The Dog in the Pond (commonly known as The Dog, briefly named The Jolly Roger) is a fictional public house in the British Channel 4 soap opera Hollyoaks. It has been at the centre of the show's setting since it began in 1995. In 2003, The Dog in the Pond was nominated as the "Best TV Boozer of All Time" in a poll run by Blackthorn Cider. The pub was burnt down in episodes airing in September 2006 during the 'Fire at The Dog', which killed five regular characters. The fire was named as one of soap's biggest disasters by the Daily Record in 2010.

Set
Scenes at The Dog in the Pond are filmed at Hollyoaks studios in Lime Pictures. In 2012 the set was refurbished under the decision of series producer Emma Smithwick. On-screen owner Riley Costello decided that "it was time for a major refurbishment". In June 2012 the refurbished set began airing on-screen. Ashley Taylor Dawson, who plays landlord Darren Osborne commented on the new set, saying that "the old set had lots of nooks and crannies, so often people in the background weren't needed for every shot because they'd be out of sight of the camera. But now everyone can be seen - there's nowhere to hide - so pub filming days are like one big party. We get excited and everybody messes around".

Storylines
In the beginning of the series, The Dog is owned and run by Greg Andersen (Alvin Stardust) and his wife Jane Andersen (Sally Faulkner) until 1996, when they move to the United States. Greg sells The Dog to his brother-in-law Jack Osborne (James McKenna). Jack's son Darren Osborne (Ashley Taylor Dawson) buys half soon after.

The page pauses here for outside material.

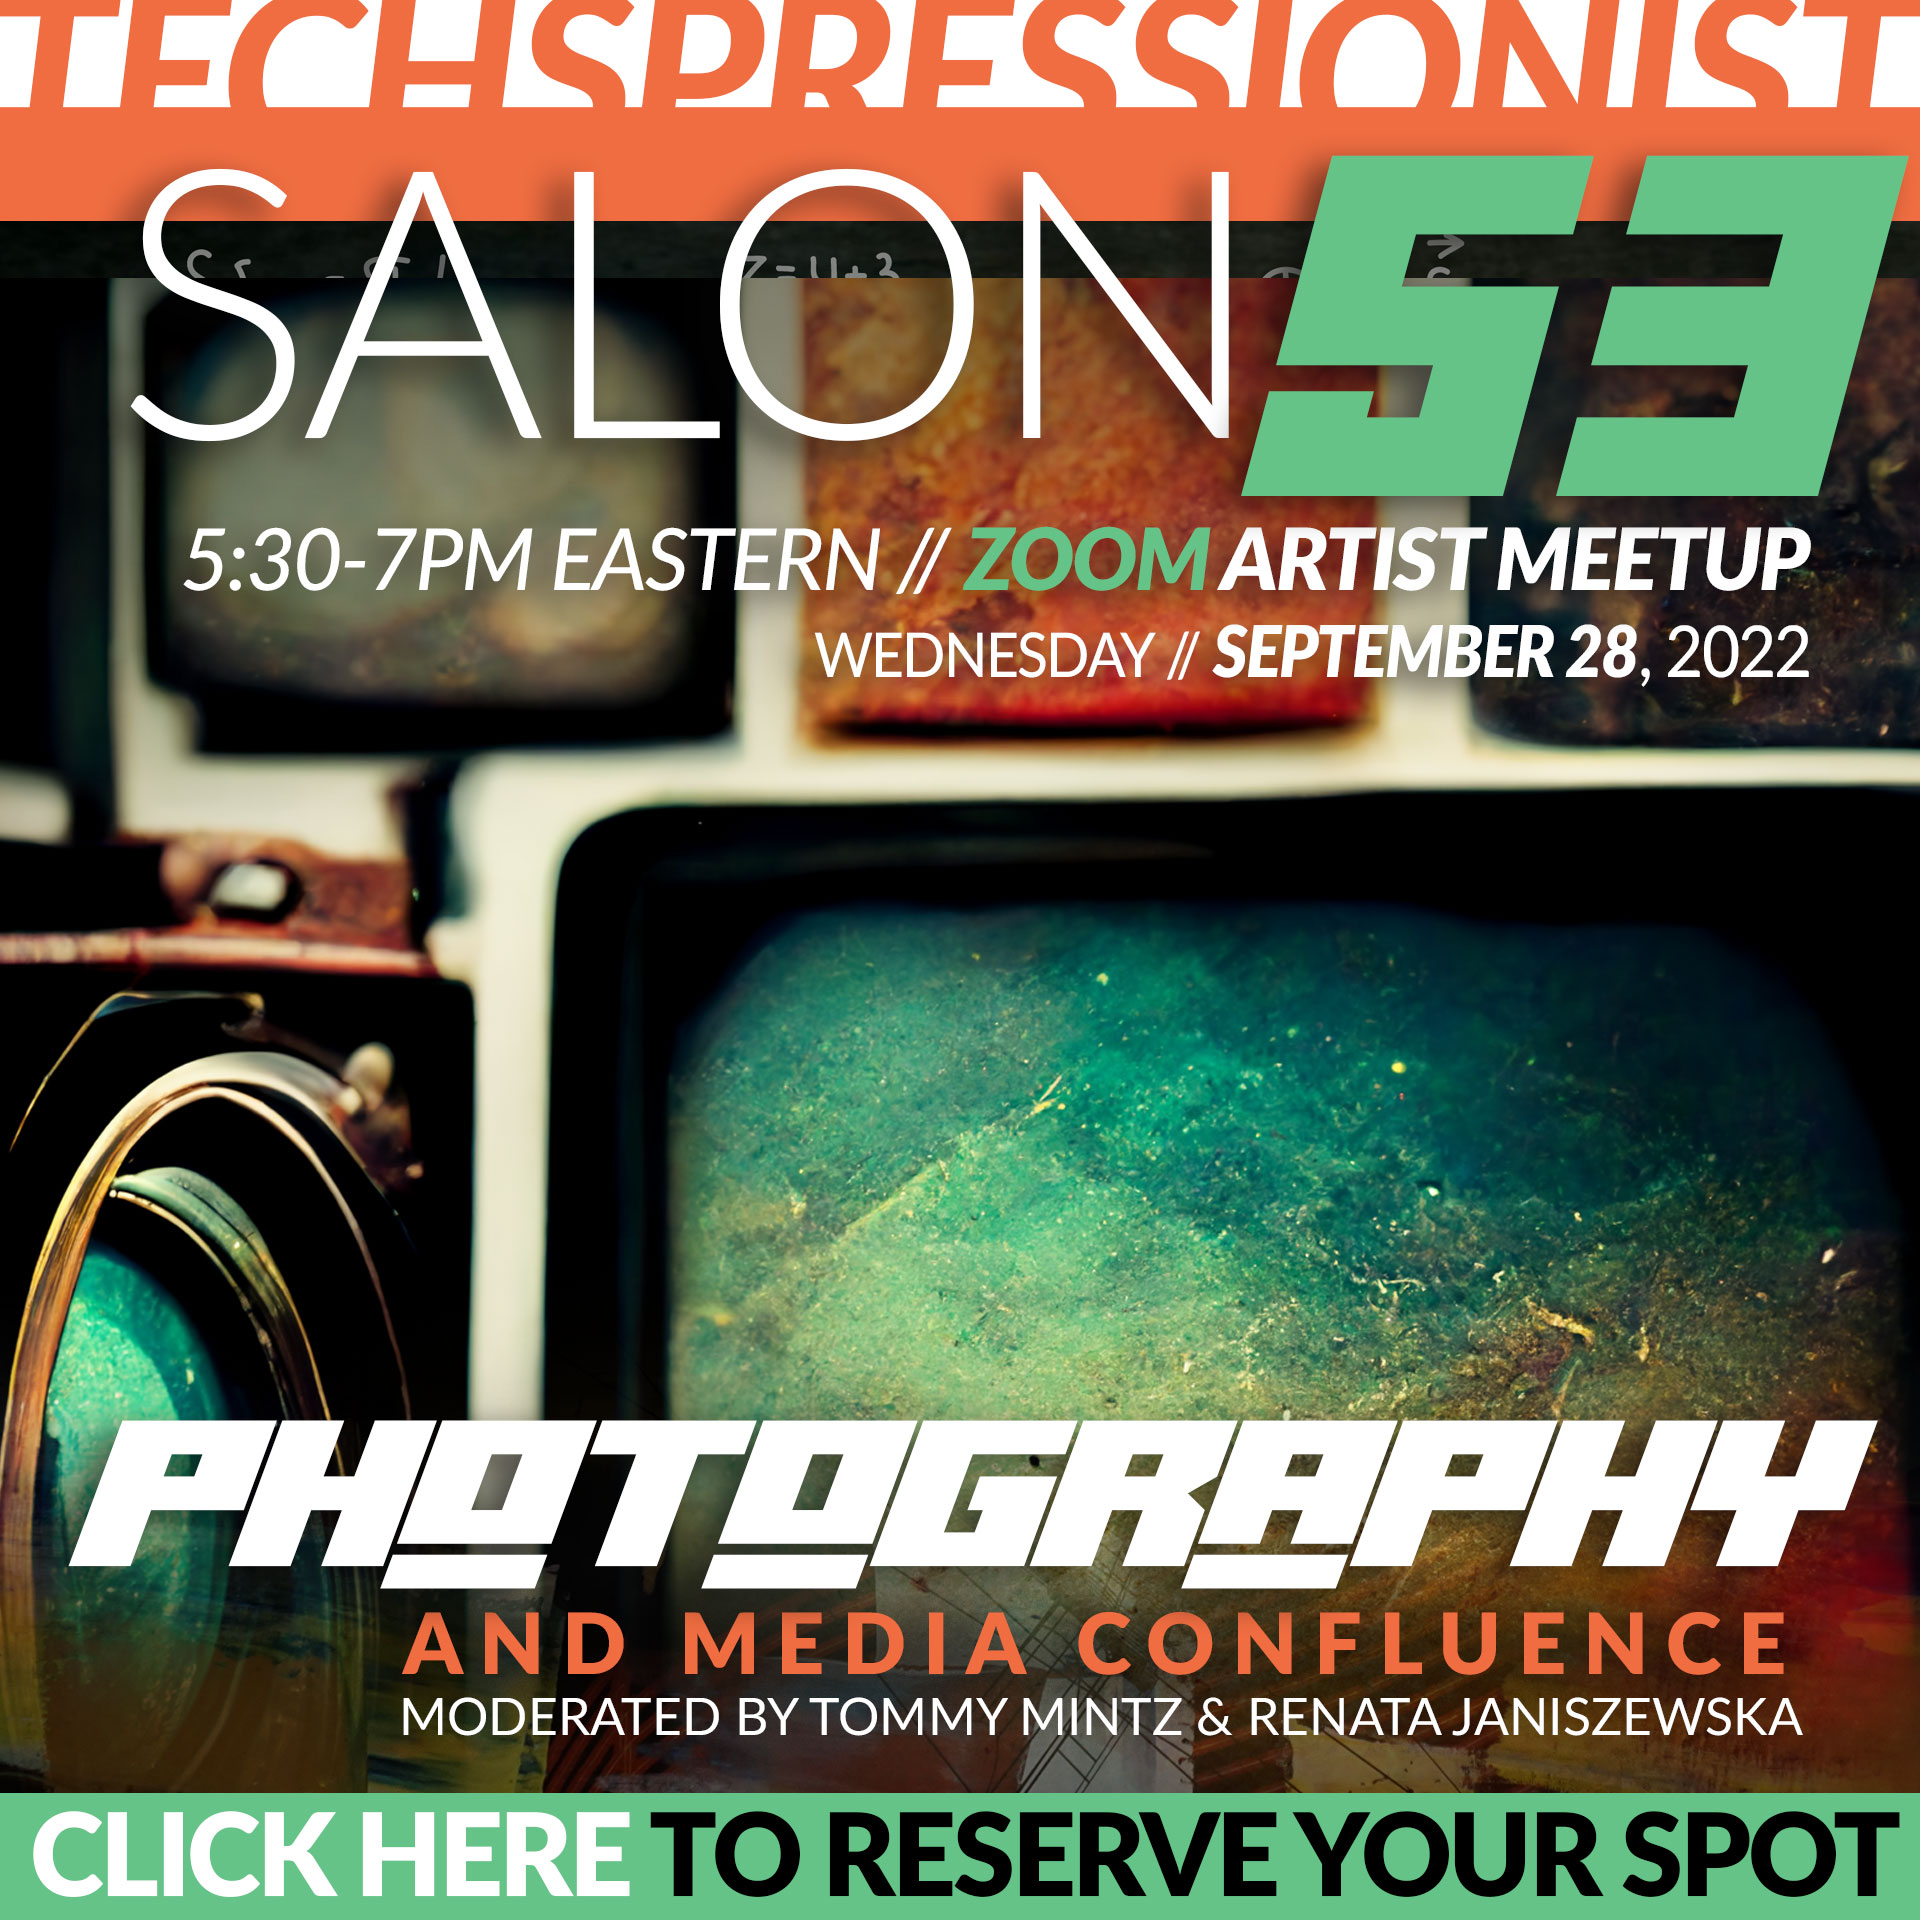 Techspressionist Salon 52 - Photography and Media Confluence

In September 2006, rapist Sam Owen (Louis Tamone) set fire to The Dog and caused it to explode. The fire kills Sam, Mel Burton (Cassie Powney), Sophie Burton (Connie Powney), Joe Spencer (Matt Milburn) and Olivia Johnson (Rochelle Gadd). The pub is refurbished soon after and a plaque is added in memorial to the deceased. Darren loses his half of The Dog in a poker game to Warren Fox (Jamie Lomas). Warren's gangster friends take several people hostage in late 2007 and Darren is shot. Soon after, Warren sells his half back to Jack. The Osborne family begin having money troubles during 2008, which leads to Jack faking his death. After it is revealed and Jack is jailed, his wife Frankie Osborne (Helen Pearson) auctions The Dog later on and gives Neville Ashworth (Jim Millea) money so he could out-bid Warren. Nev renames the pub The Jolly Roger, but quickly changes it back to its original name after he discovers it has become a gay bar. The Ashworths own The Dog until 2010, when they move abroad and sell it to Carl Costello (Paul Opacic). The Costello family then move in. As the new owners the Costello family hire Jack Osborne as manager. Silas Blissett, father of Heidi Costello (Kim Tiddy) soon moves in. Warren Fox stages a break in which nearly goes wrong when Carl and Riley Costello (Rob Norbury) try to stand up to the thieves. He intervenes and they leave. Warren Fox's friend, Rocco (Arinze Kene) beats Riley in a bet for his fathers England squad cap so Riley stages a break in at the Dog. In late 2011 Heidi is murdered by her father Silas and Carl moves to America with his son Jason leaving other son Riley in charge, however Riley decides to move out and asks Darren and Jack Osborne to move in and run the place for him, making them licensees again.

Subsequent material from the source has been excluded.